------ DATA SEGMENT
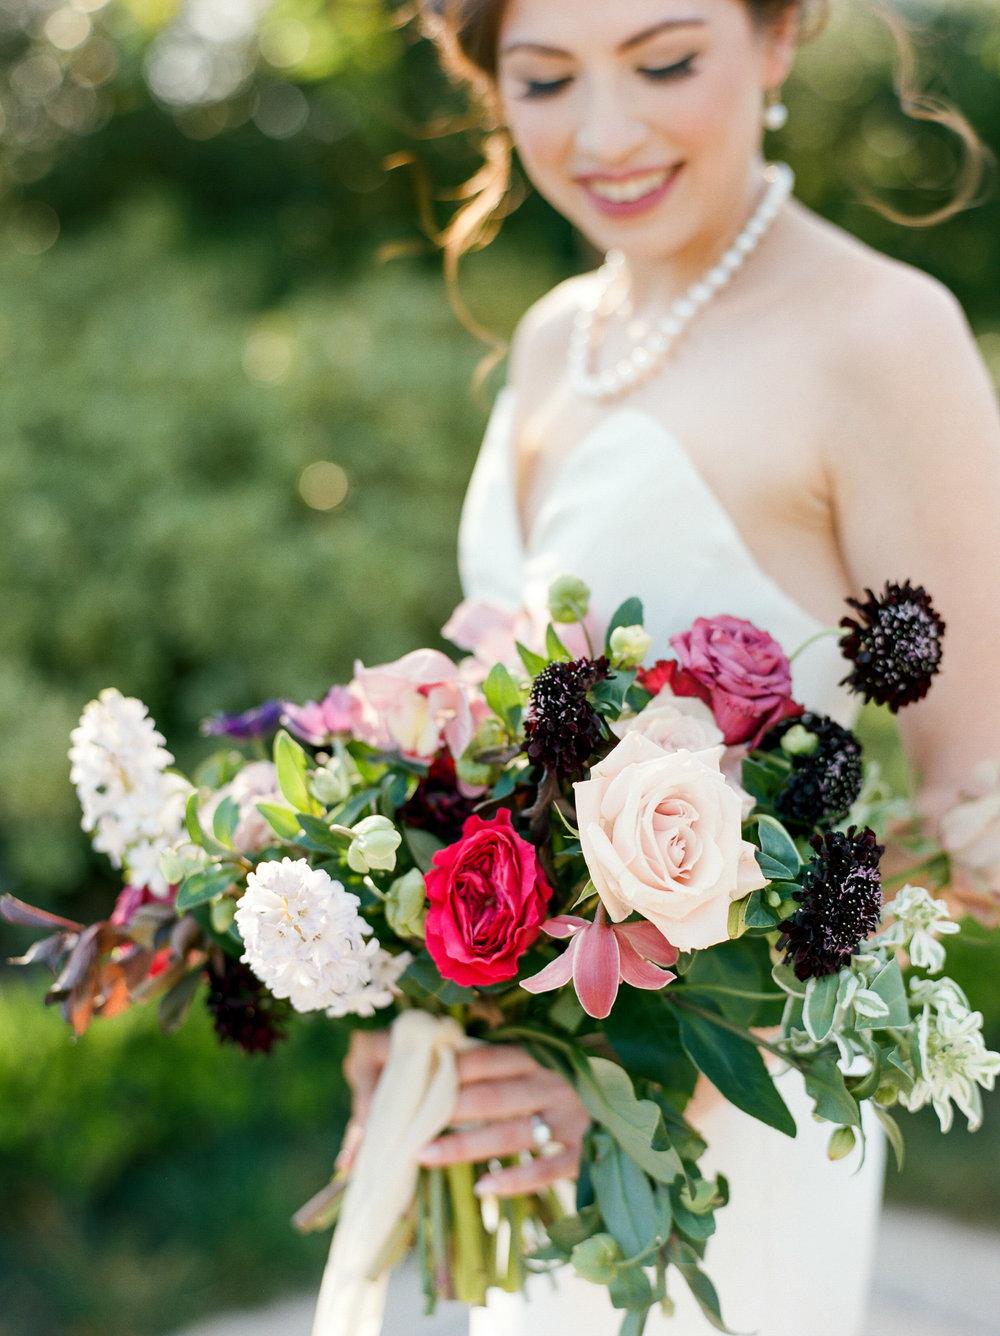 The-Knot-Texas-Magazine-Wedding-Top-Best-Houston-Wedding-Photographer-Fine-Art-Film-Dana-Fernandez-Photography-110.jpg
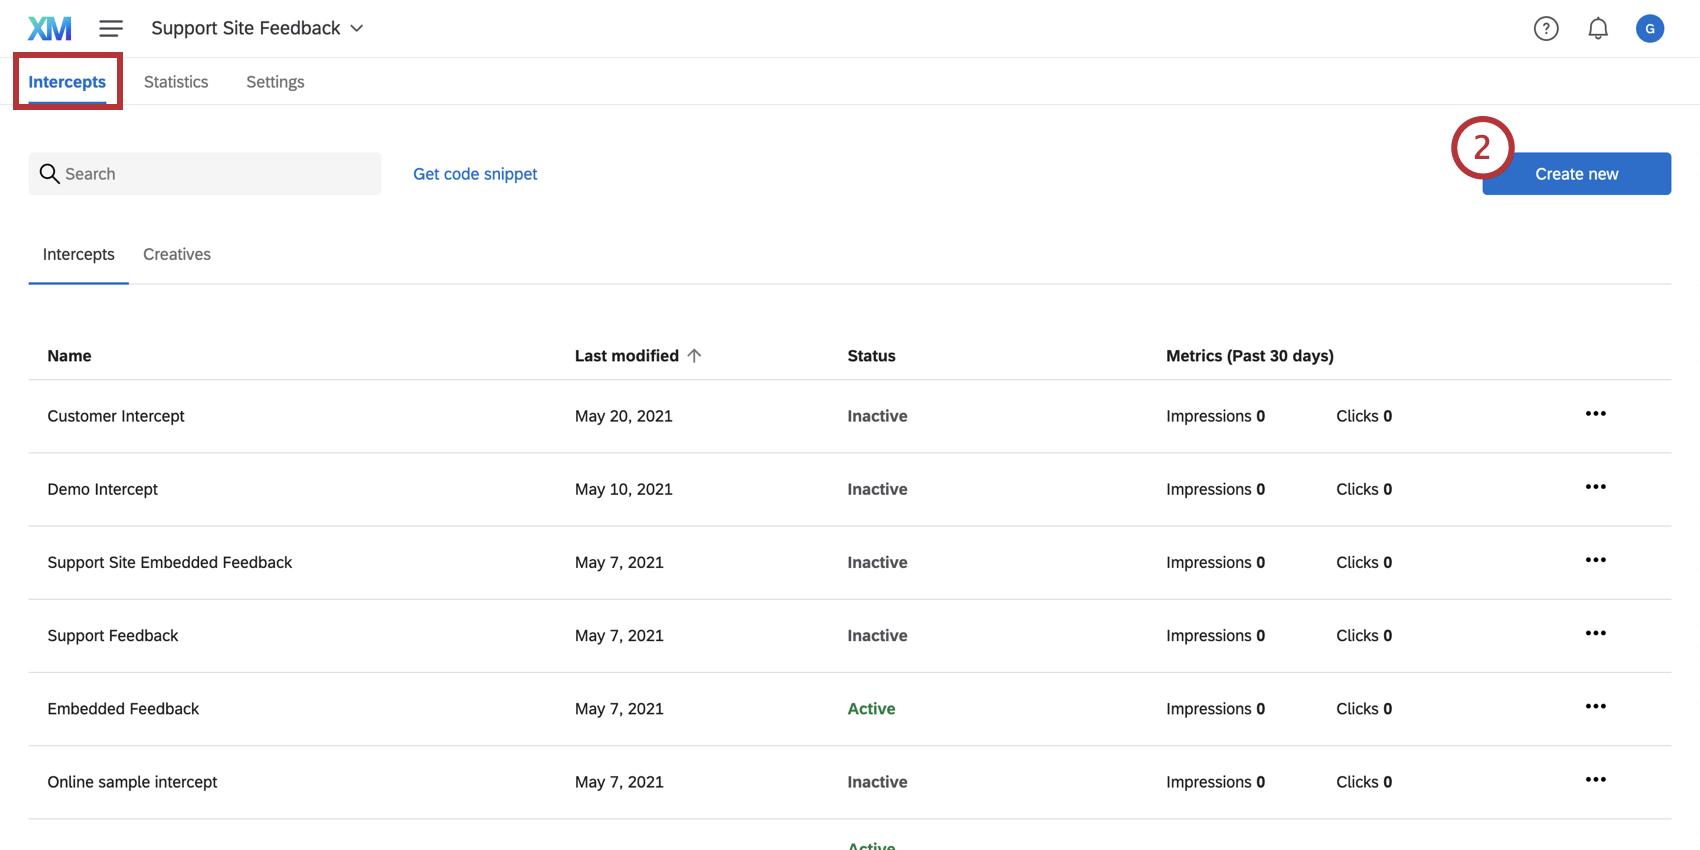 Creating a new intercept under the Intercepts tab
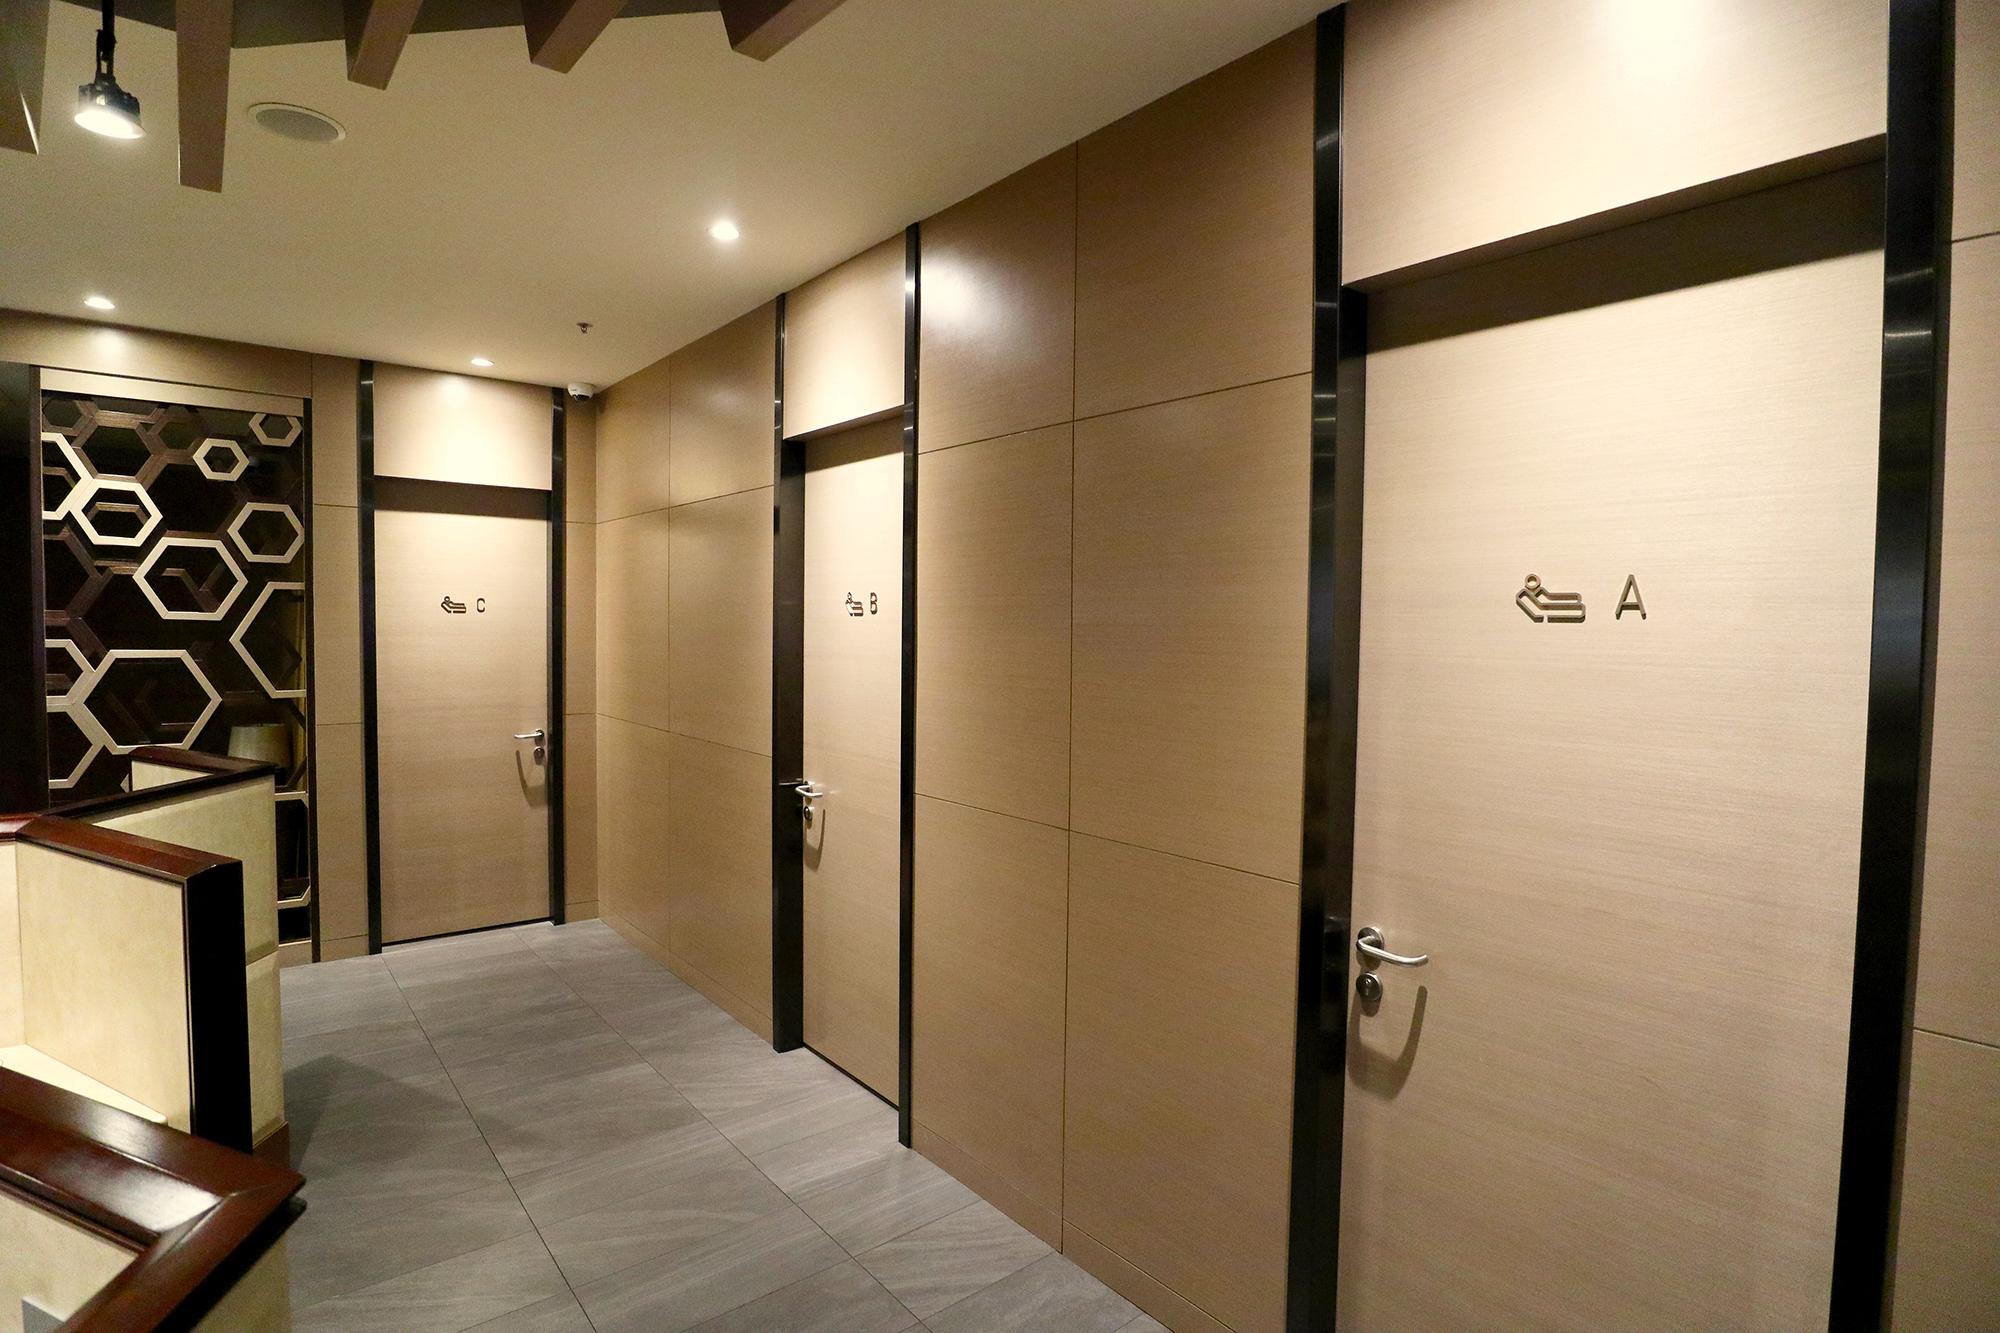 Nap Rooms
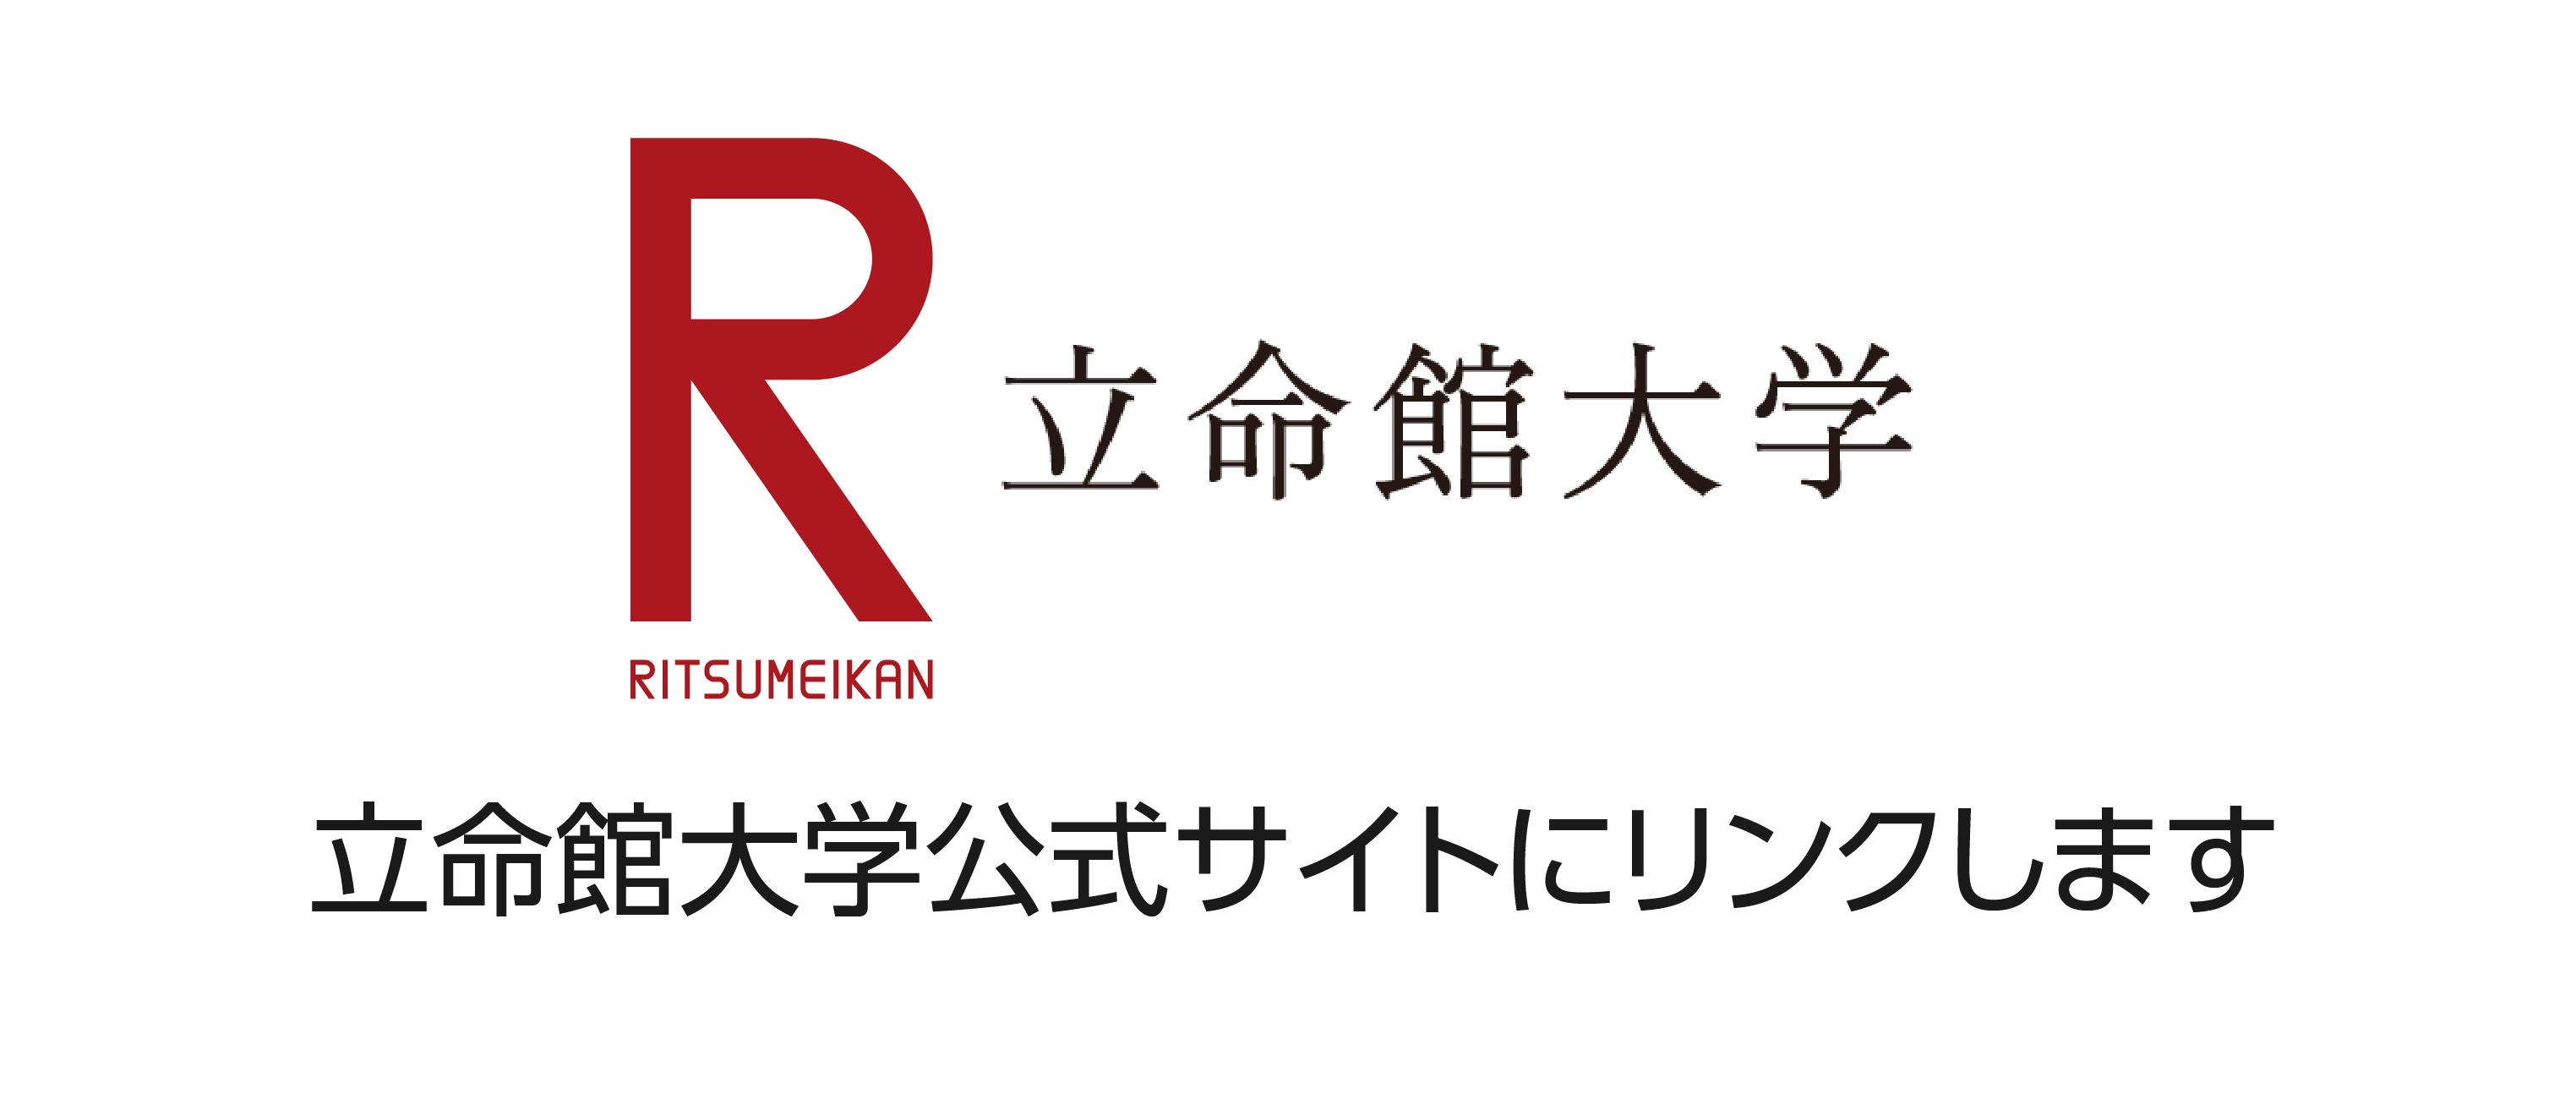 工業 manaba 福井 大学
------------
WORK REQUIRED »
Reproduce all the material exactly, omitting images.

OUTPUT FOR THIS TASK »
 The-Knot-Texas-Magazine-Wedding-Top-Best-Houston-Wedding-Photographer-Fine-Art-Film-Dana-Fernandez-Photography-110.jpg
 Creating a new intercept under the Intercepts tab
 Nap Rooms
 工業 manaba 福井 大学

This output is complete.